Personal information
- Born: March 1, 1943 Nagoya, Japan
- Died: March 9, 2025 (aged 82)
- Height: 1.63 m (5 ft 4 in)

Gymnastics career
- Discipline: Men's artistic gymnastics
- Country represented: Japan
- Medal record
Olympic Games
| Gold medal – first place | 1968 Mexico City | Team |
| Gold medal – first place | 1968 Mexico City | Rings |
| Gold medal – first place | 1968 Mexico City | Parallel bars |
| Gold medal – first place | 1968 Mexico City | Horizontal bar |
| Gold medal – first place | 1972 Munich | Team |
| Gold medal – first place | 1972 Munich | Rings |
| Silver medal – second place | 1968 Mexico City | Floor exercise |
| Silver medal – second place | 1972 Munich | Floor exercise |
| Bronze medal – third place | 1968 Mexico City | All-around |
| Bronze medal – third place | 1972 Munich | All-around |
World Championships
| Gold medal – first place | 1966 Dortmund | Team |
| Gold medal – first place | 1966 Dortmund | Floor |
| Gold medal – first place | 1966 Dortmund | Horizontal bar |
| Gold medal – first place | 1970 Ljubljana | Team |
| Gold medal – first place | 1970 Ljubljana | Floor |
| Gold medal – first place | 1970 Ljubljana | Rings |
| Gold medal – first place | 1970 Ljubljana | Parallel bars |
| Silver medal – second place | 1966 Dortmund | Rings |
| Silver medal – second place | 1970 Ljubljana | Horizontal bar |
| Bronze medal – third place | 1966 Dortmund | All-around |
| Bronze medal – third place | 1966 Dortmund | Vault |
| Bronze medal – third place | 1970 Ljubljana | All-around |

= Akinori Nakayama =

Japanese gymnast (1943–2025)

Akinori Nakayama (中山 彰規, Nakayama Akinori) was a Japanese gymnast and Olympic gold medalist.
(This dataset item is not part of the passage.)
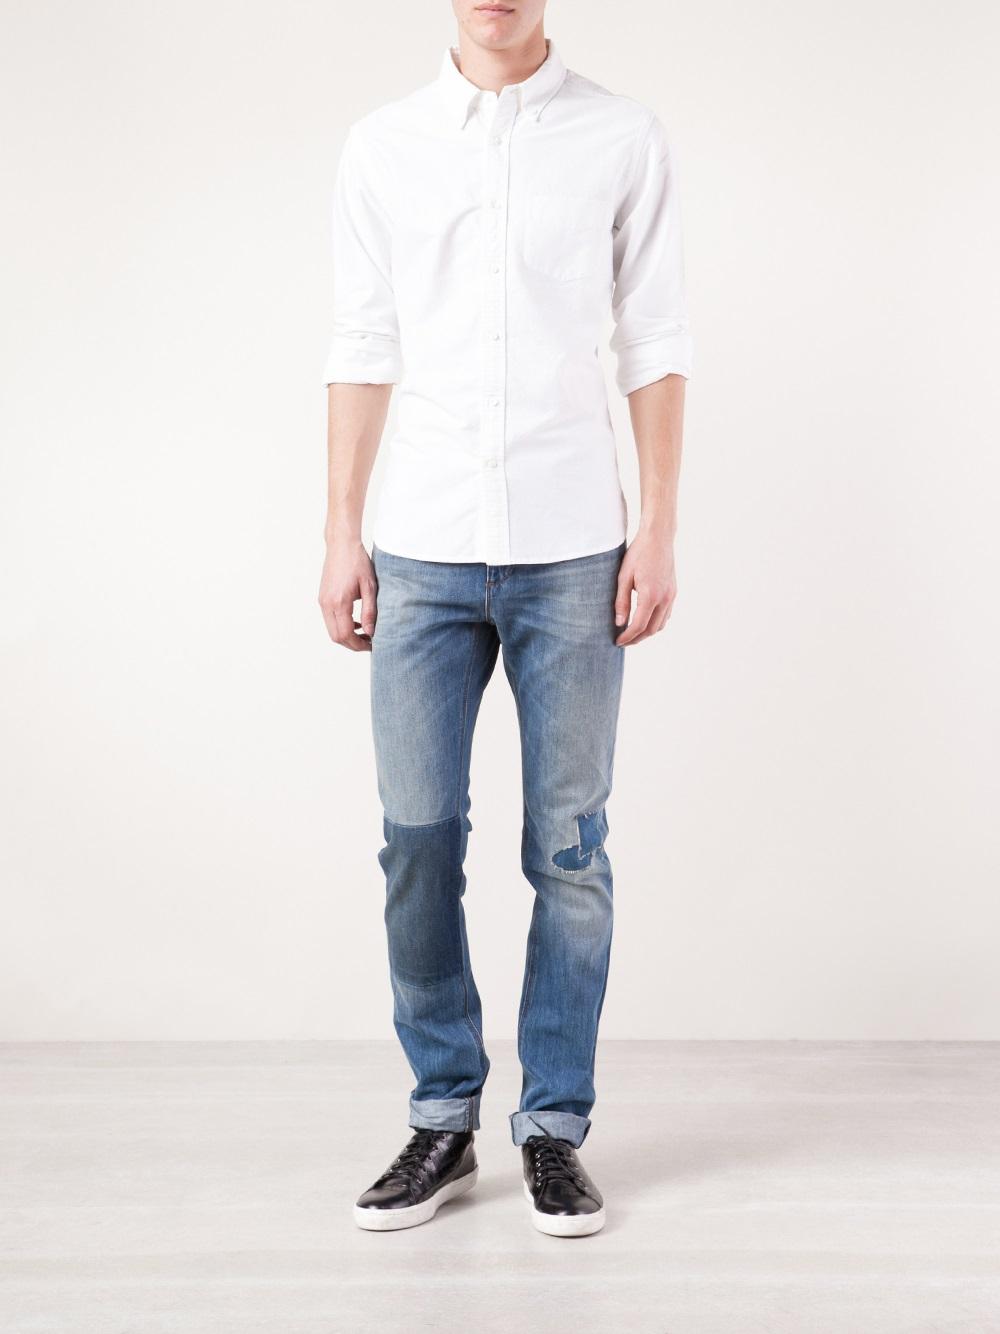 lyst closed cooper jeans in blue for men. Black Bedroom Furniture Sets. Home Design Ideas

Nakayama was born in Nagoya, Aichi Prefecture, and is a graduate of Chukyo University in Nagoya. Nakayama is one of only three gymnasts to become an Olympic Champion in rings twice.

==Biography==
Nakayama won six medals at the World Championships in 1966, including three gold medals in the team all-around, the floor exercise and the horizontal bar. Two years later, with four gold, one silver and one bronze medals he became the most successful male athlete at the 1968 Summer Olympics. In 1970, he won another four world titles: in team competition, on rings, floor and parallel bars. He won four more medals at the 1972 Summer Olympics.

After retirement he was the vice-president of the Japanese Gymnastics Federation. He also served as a gymnastics coach at his alma mater, Chukyo University. In 2005, he was inducted into the International Gymnastics Hall of Fame.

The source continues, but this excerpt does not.